While the Battle of Monongahela leaves Daniel Boone as witness to General Braddock’s 1755 routing by the French and Indians, calling it “a baptism of blood,” a young George Washington describes the British reaction as “struck with such a panic that they behaved with more cowardice than it is possible to conceive.” In a time of English settlement and reneging on treaties made with local tribes, Simon holds his strongest ire for Colonel Henry Bouquet. He would “conceive of something heinous, an incontrovertible war crime and an aid to ethnic cleansing and genocide,” that being biological warfare in the form of blankets given as peace offerings to the local tribes and inoculated with smallpox, which “had killed millions of Indians over the previous two centuries.”
In “’Beautiful Dreamer,’” Simon takes Stephen Foster to task as being part of a long line of imitators, rather than innovators, in American music.

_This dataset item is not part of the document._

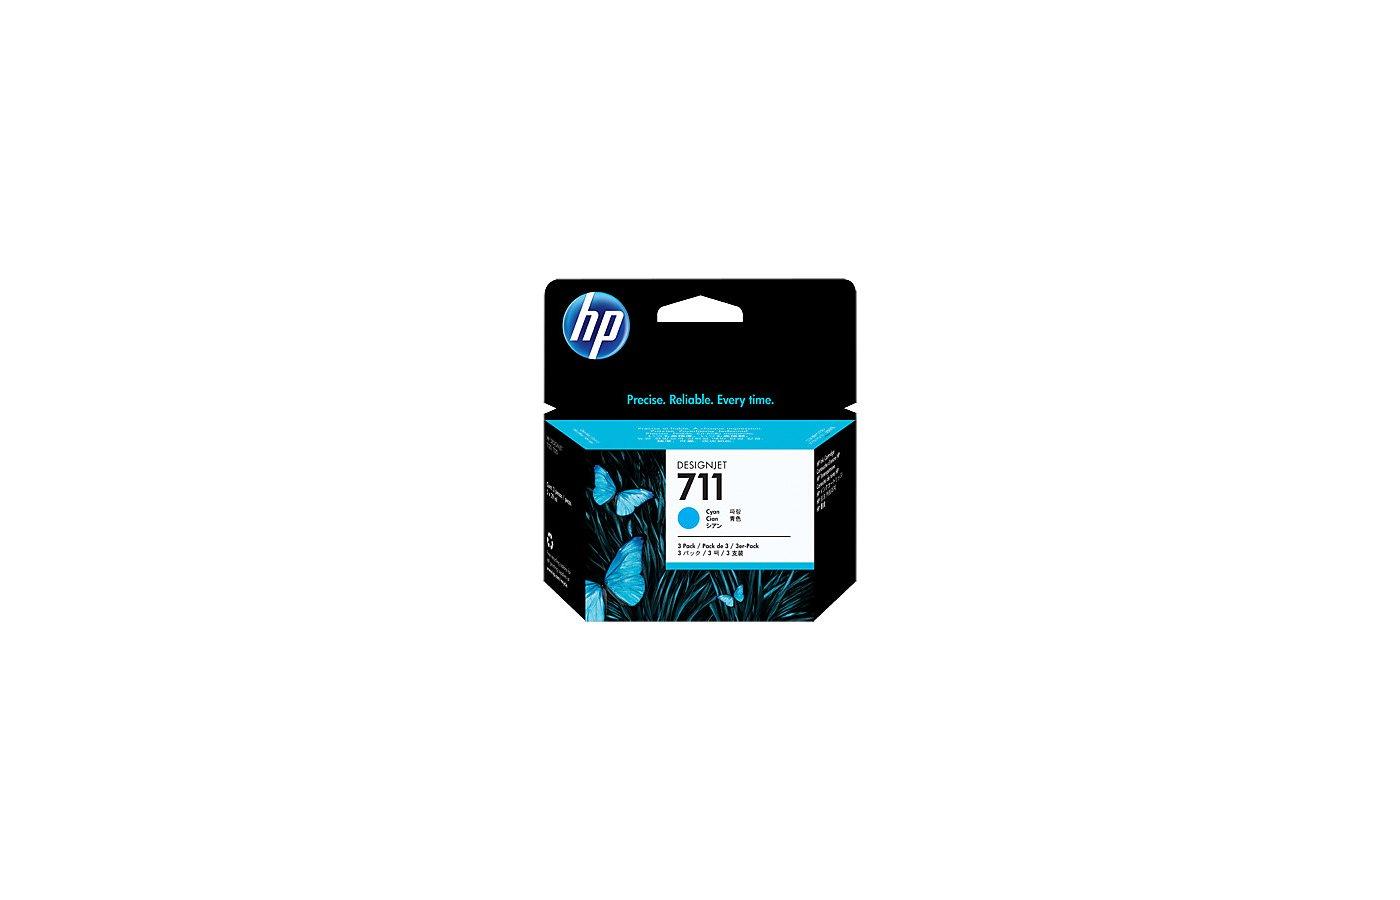 Картридж струйный HP 711 CZ134A голубой x3уп. для HP DJ T120/T520 (29мл)

Elsewhere, he describes Andrew Carnegie as “a proletarian” because of the arc of his rags-to-riches life. In “A Nativist in Market Square,” readers meet Reverend Joseph Barker, who briefly became mayor of Pittsburgh by leaning on bigotry aimed at Catholics and immigrants. “The Great Railroad Strike” considers 1877, when the labor movement first found its footing. Simon ponders whether, without the interceding of President Rutherford B. Hayes, the country may have moved toward socialism. Simon calls Henry Clay Frick “an enemy of equality,” and adds that his would-be assassin, Alexander Berkman, claimed upon the industrialist’s death that Frick had been “deported by God.”
Part III’s “Rise, Fall and Reinvention” includes Evelyn Nesbit and her role in the first “Crime of the Century.” Simon claims that Rachel Carson changing her major from English to biology at Chatham University was a world-changing moment. Frank Lloyd Wright disdained Pittsburgh’s architecture, saying it would be cheaper to abandon the place and rebuild elsewhere. But that would remove what D.H. Lawrence called “the spirit of the place,” or what Simon points to as “transcendental” in our geography, “the dazzling birth of lights that is Pittsburgh.”